Figure 8 compares the path-following trajectories of various controllers, namely PID, NMPC, TD3, and SAC-N. The trajectory of the USV and the desired path are transformed from WGS84 coordinates to universal transverse mercator (UTM) coordinates, with the first point of the desired path set as the origin. Figure 9 and Figure 10 illustrate the changes over time in the heading angle error and cross-track error, respectively, during the path-following tests.

Figure 11 illustrates the steering command curves for various controllers. The experimental results indicate that NMPC, TD3, and SAC-N performed comparably. However, all controllers struggled to consistently converge towards zero error due to random disturbances from wind and wave loads. To mitigate these disturbances, the steering command was adjusted promptly. While NMPC is the optimal controller, the DRL-based controllers (TD3 and SAC-N) achieved a more favorable balance between precise tracking and steering maneuverability, demonstrating high tracking performance with minimal steering commands. Notably, the steering command angle of SAC-N was significantly smaller than that of NMPC, which typically results in reduced axial thrust loss. This highlights SAC-N’s advantage in attaining high performance with minimal steering effort.

Table 5 provides a detailed comparison of the performance of various controllers. The cross-track error is defined as the perpendicular distance from the current position of the USV to the nearest point on the discrete tracking line segment. PID exhibits the fastest real-time performance due to its simple calculation process; however, its tracking accuracy is the lowest. In contrast, while NMPC achieves the highest tracking accuracy in terms of heading angle and cross-track error, it demands a significant amount of CPU time and generates large, high-frequency steering commands. Although NMPC demonstrates strong robustness, solving consecutive multi-step quadratic programming problems iteratively can hinder its real-time performance.

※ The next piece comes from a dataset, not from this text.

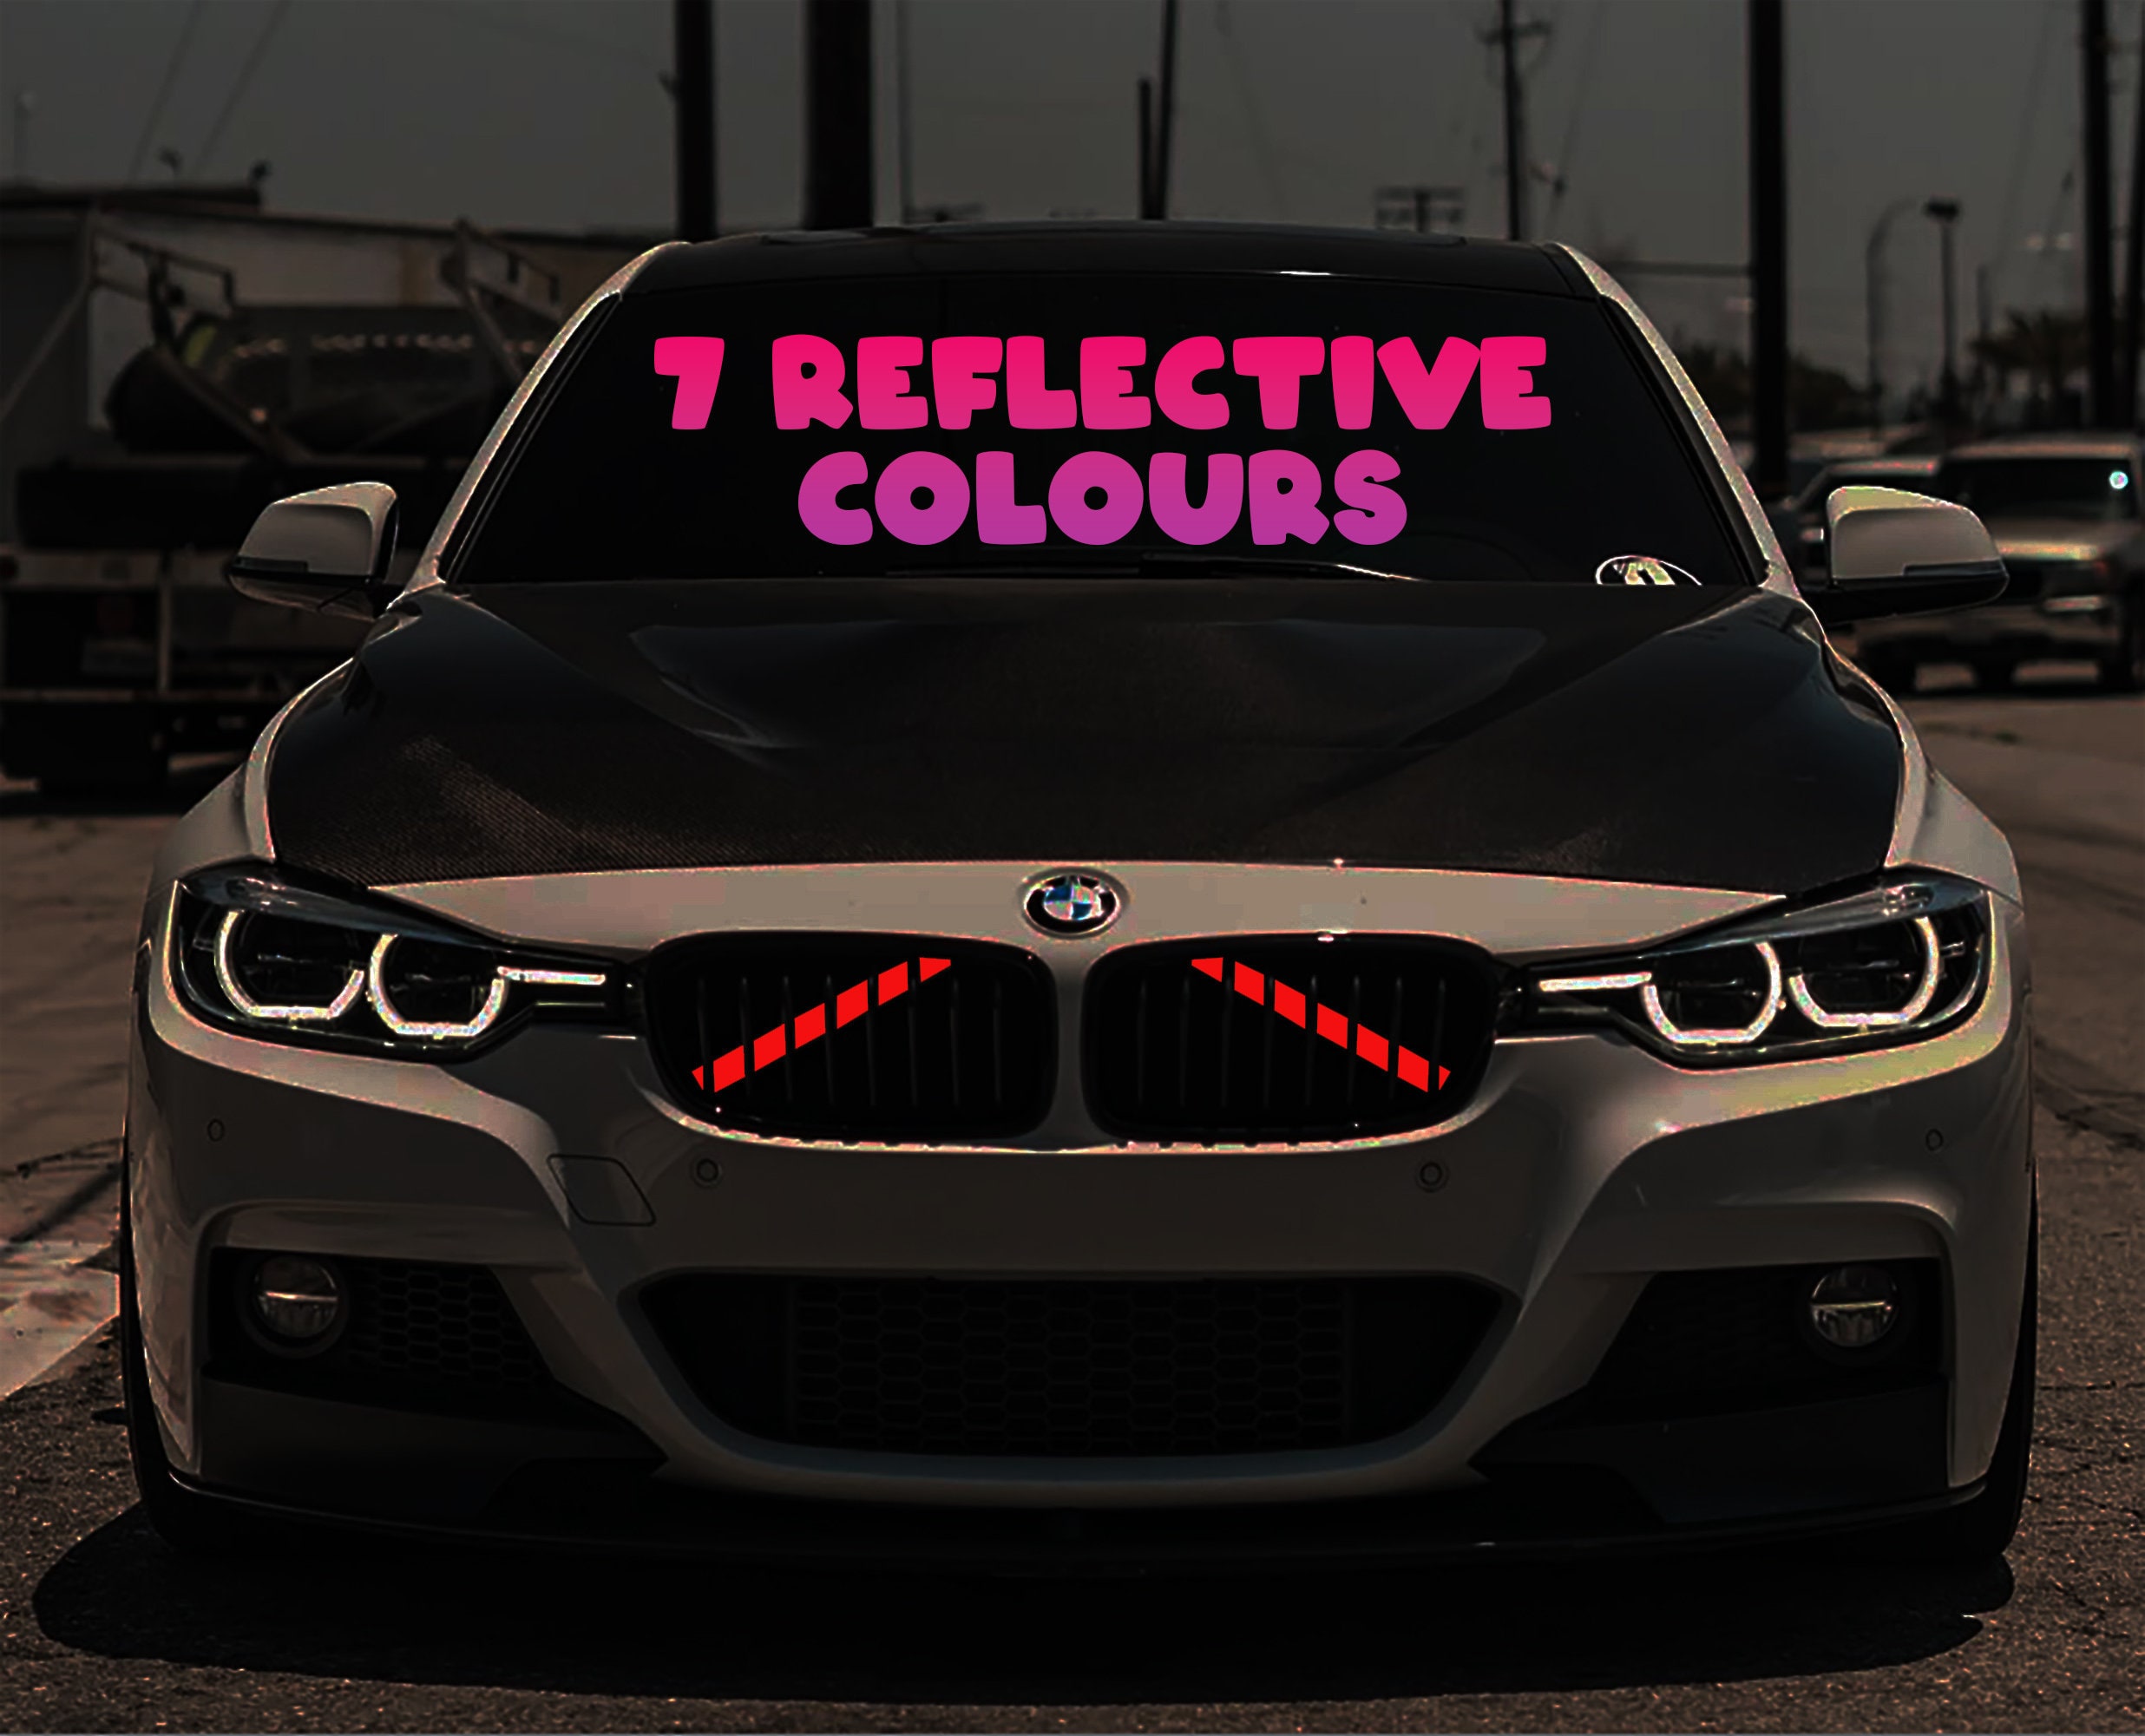 Evil Eyes Car Motorcycle Helmet Stickers Pet Reflective Car Body Style  Decor Personalized Decoration Bike Helmet Sticker Decals - Car Stickers -  AliExpress

When comparing TD3 and SAC-N, TD3 performs better in terms of mean absolute error (MAE) indicators. However, SAC-N has the advantage of requiring only offline datasets, which eliminates the need for interactions with simulators or experimental setups, leading to significant savings in training costs. In contrast, TD3 cannot learn from fixed datasets and relies heavily on online interactions. As a result, online training on a real-world unmanned surface vehicle (USV) is slow, with each training step requiring more time due to actuator delays and the vehicle’s relatively low speed. Specifically, TD3 requires online training for 200,000 frames, resulting in a training time of 7.5 h. In contrast, SAC-N can be trained offline in just 1.2 h.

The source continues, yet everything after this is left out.